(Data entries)

=== Begin Enclosure ===

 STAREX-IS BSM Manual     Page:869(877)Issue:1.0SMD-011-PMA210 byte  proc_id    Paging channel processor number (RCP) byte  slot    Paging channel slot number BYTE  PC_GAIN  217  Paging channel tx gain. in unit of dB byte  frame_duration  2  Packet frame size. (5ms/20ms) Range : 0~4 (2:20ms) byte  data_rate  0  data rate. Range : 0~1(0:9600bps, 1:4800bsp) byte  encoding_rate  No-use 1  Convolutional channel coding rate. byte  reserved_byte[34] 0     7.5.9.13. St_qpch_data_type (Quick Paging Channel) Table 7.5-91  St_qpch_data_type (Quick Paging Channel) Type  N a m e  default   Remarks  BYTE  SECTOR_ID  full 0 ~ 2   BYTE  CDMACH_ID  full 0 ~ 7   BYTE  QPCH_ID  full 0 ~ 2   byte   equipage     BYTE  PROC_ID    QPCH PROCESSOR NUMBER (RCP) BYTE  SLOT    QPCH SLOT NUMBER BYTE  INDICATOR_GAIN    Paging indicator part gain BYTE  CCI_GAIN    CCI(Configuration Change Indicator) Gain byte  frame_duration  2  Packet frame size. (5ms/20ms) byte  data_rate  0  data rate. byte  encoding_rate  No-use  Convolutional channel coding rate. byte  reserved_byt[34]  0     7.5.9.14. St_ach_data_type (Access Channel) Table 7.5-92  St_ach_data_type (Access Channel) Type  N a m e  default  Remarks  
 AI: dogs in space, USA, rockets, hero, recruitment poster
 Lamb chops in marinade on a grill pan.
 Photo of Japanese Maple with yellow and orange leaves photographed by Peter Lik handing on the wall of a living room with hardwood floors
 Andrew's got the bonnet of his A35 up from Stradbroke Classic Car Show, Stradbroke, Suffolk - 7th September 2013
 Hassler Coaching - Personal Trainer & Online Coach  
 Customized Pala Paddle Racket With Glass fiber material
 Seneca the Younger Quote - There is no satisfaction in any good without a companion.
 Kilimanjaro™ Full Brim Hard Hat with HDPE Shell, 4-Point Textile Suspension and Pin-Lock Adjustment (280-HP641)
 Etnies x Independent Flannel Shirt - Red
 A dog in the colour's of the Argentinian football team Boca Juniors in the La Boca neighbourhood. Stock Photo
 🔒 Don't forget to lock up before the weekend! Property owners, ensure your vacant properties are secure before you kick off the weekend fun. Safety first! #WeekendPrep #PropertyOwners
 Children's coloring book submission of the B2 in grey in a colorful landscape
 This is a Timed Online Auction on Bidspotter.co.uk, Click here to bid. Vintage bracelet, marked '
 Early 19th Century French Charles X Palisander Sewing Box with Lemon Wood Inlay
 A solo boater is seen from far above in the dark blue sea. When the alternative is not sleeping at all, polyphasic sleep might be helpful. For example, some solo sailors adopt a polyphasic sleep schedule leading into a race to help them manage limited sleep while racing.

=== End Enclosure ===

All entries must be printed exactly, with nothing omitted.

▶ Result of this task
 STAREX-IS BSM Manual     Page:869(877)Issue:1.0SMD-011-PMA210 byte  proc_id    Paging channel processor number (RCP) byte  slot    Paging channel slot number BYTE  PC_GAIN  217  Paging channel tx gain. in unit of dB byte  frame_duration  2  Packet frame size. (5ms/20ms) Range : 0~4 (2:20ms) byte  data_rate  0  data rate. Range : 0~1(0:9600bps, 1:4800bsp) byte  encoding_rate  No-use 1  Convolutional channel coding rate. byte  reserved_byte[34] 0     7.5.9.13. St_qpch_data_type (Quick Paging Channel) Table 7.5-91  St_qpch_data_type (Quick Paging Channel) Type  N a m e  default   Remarks  BYTE  SECTOR_ID  full 0 ~ 2   BYTE  CDMACH_ID  full 0 ~ 7   BYTE  QPCH_ID  full 0 ~ 2   byte   equipage     BYTE  PROC_ID    QPCH PROCESSOR NUMBER (RCP) BYTE  SLOT    QPCH SLOT NUMBER BYTE  INDICATOR_GAIN    Paging indicator part gain BYTE  CCI_GAIN    CCI(Configuration Change Indicator) Gain byte  frame_duration  2  Packet frame size. (5ms/20ms) byte  data_rate  0  data rate. byte  encoding_rate  No-use  Convolutional channel coding rate. byte  reserved_byt[34]  0     7.5.9.14. St_ach_data_type (Access Channel) Table 7.5-92  St_ach_data_type (Access Channel) Type  N a m e  default  Remarks  
 AI: dogs in space, USA, rockets, hero, recruitment poster
 Lamb chops in marinade on a grill pan.
 Photo of Japanese Maple with yellow and orange leaves photographed by Peter Lik handing on the wall of a living room with hardwood floors
 Andrew's got the bonnet of his A35 up from Stradbroke Classic Car Show, Stradbroke, Suffolk - 7th September 2013
 Hassler Coaching - Personal Trainer & Online Coach  
 Customized Pala Paddle Racket With Glass fiber material
 Seneca the Younger Quote - There is no satisfaction in any good without a companion.
 Kilimanjaro™ Full Brim Hard Hat with HDPE Shell, 4-Point Textile Suspension and Pin-Lock Adjustment (280-HP641)
 Etnies x Independent Flannel Shirt - Red
 A dog in the colour's of the Argentinian football team Boca Juniors in the La Boca neighbourhood. Stock Photo
 🔒 Don't forget to lock up before the weekend! Property owners, ensure your vacant properties are secure before you kick off the weekend fun. Safety first! #WeekendPrep #PropertyOwners
 Children's coloring book submission of the B2 in grey in a colorful landscape
 This is a Timed Online Auction on Bidspotter.co.uk, Click here to bid. Vintage bracelet, marked '
 Early 19th Century French Charles X Palisander Sewing Box with Lemon Wood Inlay
 A solo boater is seen from far above in the dark blue sea. When the alternative is not sleeping at all, polyphasic sleep might be helpful. For example, some solo sailors adopt a polyphasic sleep schedule leading into a race to help them manage limited sleep while racing.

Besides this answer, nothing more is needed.